Часть бессарабского населения была депортирована в различные регионы Советского Союза. Прежде всего в Казахстан. Это были люди самых разных национальностей: молдаване и греки, украинцы и очень много русских. Без предъявления каких-либо обвинений.

Тогда мы были в ужасе, а потом мы поняли: советские войска освободили территорию, а им негде расположиться. При этом очень много военных с семьями. За один-два года не построишь же новый город, не разместишь казармы... Раньше я не разбирался в сталинских преступлениях. Мы так ждали нашего освобождения, а потом дождались, как говорится. Лишили нас крова, имущества и отправили в ссылку. А теперь, понимаете, я это стараюсь объяснить... Но, когда объясняешь, невольно получается так, что наполовину оправдываешь.

Самый страшный момент в пути был, когда нас разъединили с отцом. Где-то под Челябинском состав остановился и стали отделять женщин и детей от мужчин. Мужчин — в Свердловскую область на лесоповал, а нашу семью в числе многих других — в Казахстан. Мы оказались в Акмолинской области, в 31-м посёлке, который назывался Интернациональный. Все посёлки были населены ссыльными. Например, 26-й — это АЛЖИР, Акмолинский лагерь жён изменников родины. Так мы очутились в Казахстане. Мне было десять лет.

— Неужели Вам никак не объяснили то, что с Вами произошло?

— Ну, естественно, надо было найти какое-то обоснование. И через полгода начали создавать документы, на основании которых нас выселяли. Они носили абсолютно фантастический характер. Ещё через два года отца выпустили. Чтобы как-то обосновать нашу депортацию, ему приписывали, что он был буржуем, что у него было восемнадцать слуг, что он заплатил миллион финотделу в качестве даже не знаю чего. Ничего этого не было. У нас была единственная служанка, которая приходила раз в неделю помогать бабушке мыть пол, наводить порядок. И мой отец невольно проявил огромное мужество. Его не пытали, когда заставляли подписать это. Его просто так: «Не хочешь — постой на морозе и подумай». В одних носках почти. Он там пять-семь минут постоит — были декабрьские сорокаградусные морозы — и начинает кричать: «Подпишу, подпишу!» — «Ну, пожалуйста, вот, подписывай». Мой отец смотрит: восемнадцать слуг, миллион финотделу — и падает ручка из рук. Так и не подписал. Не из храбрости и мужества, а из боязни, что будет ещё хуже. Через два года его выпустили, и он нас нашёл в Казахстане, мы воссоединились. С одной стороны, Сталин нас наказал, а с другой — спас.

«С одной стороны, Сталин нас наказал, а с другой — спас»
Потому что все наши родственники, которые остались в Бессарабии, во время Отечественной войны, когда Бессарабию опять захватили немцы и румыны, все евреи были уничтожены в гетто.
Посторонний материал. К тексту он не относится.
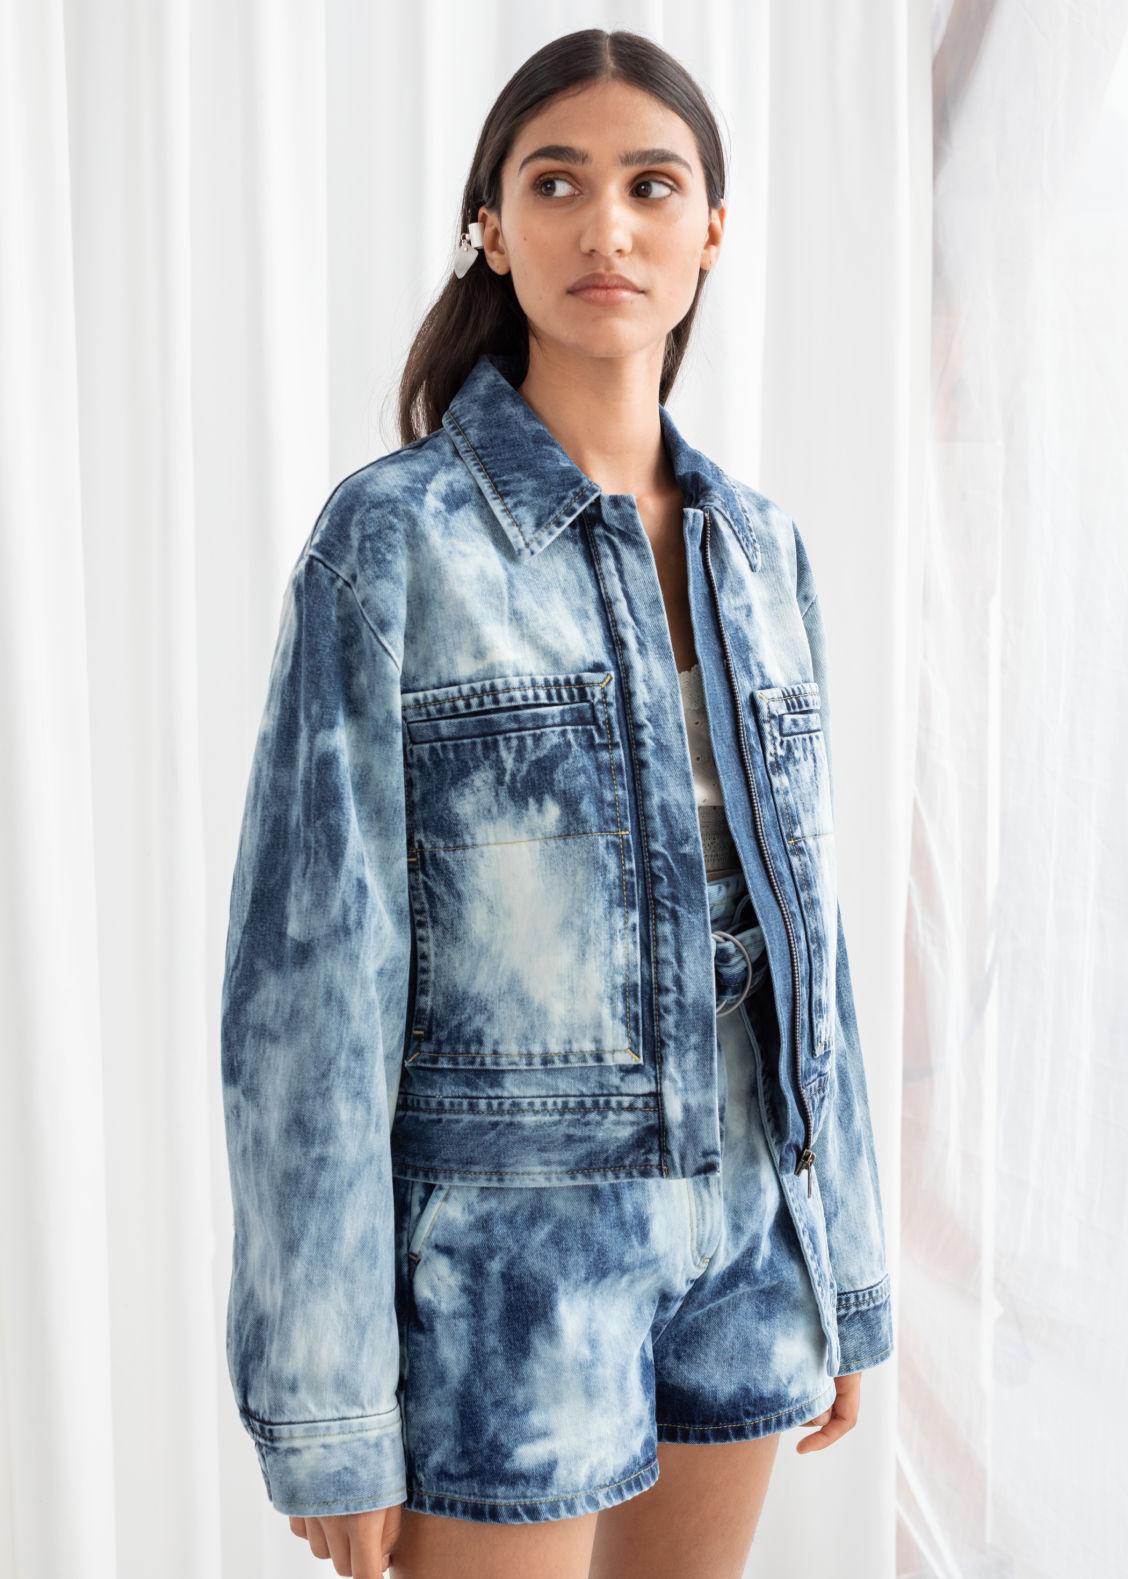 7f1e27d7f Tie Dye Organic Cotton Denim Jacket - Tie Dye - Denimjackets - & Other  Stories

Если б мы там остались, я бы сейчас тут не сидел. Так что, получается, меня Сталин спас. И часть еврейского контингента Бессарабии. Нас депортировали за неделю до начала войны, 13 июня 1941-го. О том, что началась война, мы узнали в дороге. Состав шёл очень долго.

— А как Вы жили в Казахстане?

— Наш посёлок входил в колхоз Новый Быт. Я учился в местной семилетке и одновременно с двенадцати лет работал зимой колхозным писарем, потому что грамотных людей было очень мало. Оформлял конторские книги, и за это мне начисляли трудодни. А летом пас телят, работал на сенокосе, на конной волокуше. Мне это всё пошло на пользу. Иначе я бы был сахарным городским ребёнком. Я познал и нужду, и деревенский быт, освоил крестьянский труд, и отсюда у меня такое тяготение к русскому фольклору, к русской поэзии.

«Я познал и нужду, и деревенский быт, освоил крестьянский труд, и отсюда у меня такое тяготение к русскому фольклору, к русской поэзии»
Всё это было впитано в самом раннем детстве. А как ни странно, хотя посёлок назывался Интернациональный, казахов там не было. Это был специальный посёлок для ссыльных. Первого казаха в жизни я увидел лишь в 1946-м, когда мы переехали из 31-го посёлка, уже с отцом, в город Акмолинск. Нынешнюю Астану.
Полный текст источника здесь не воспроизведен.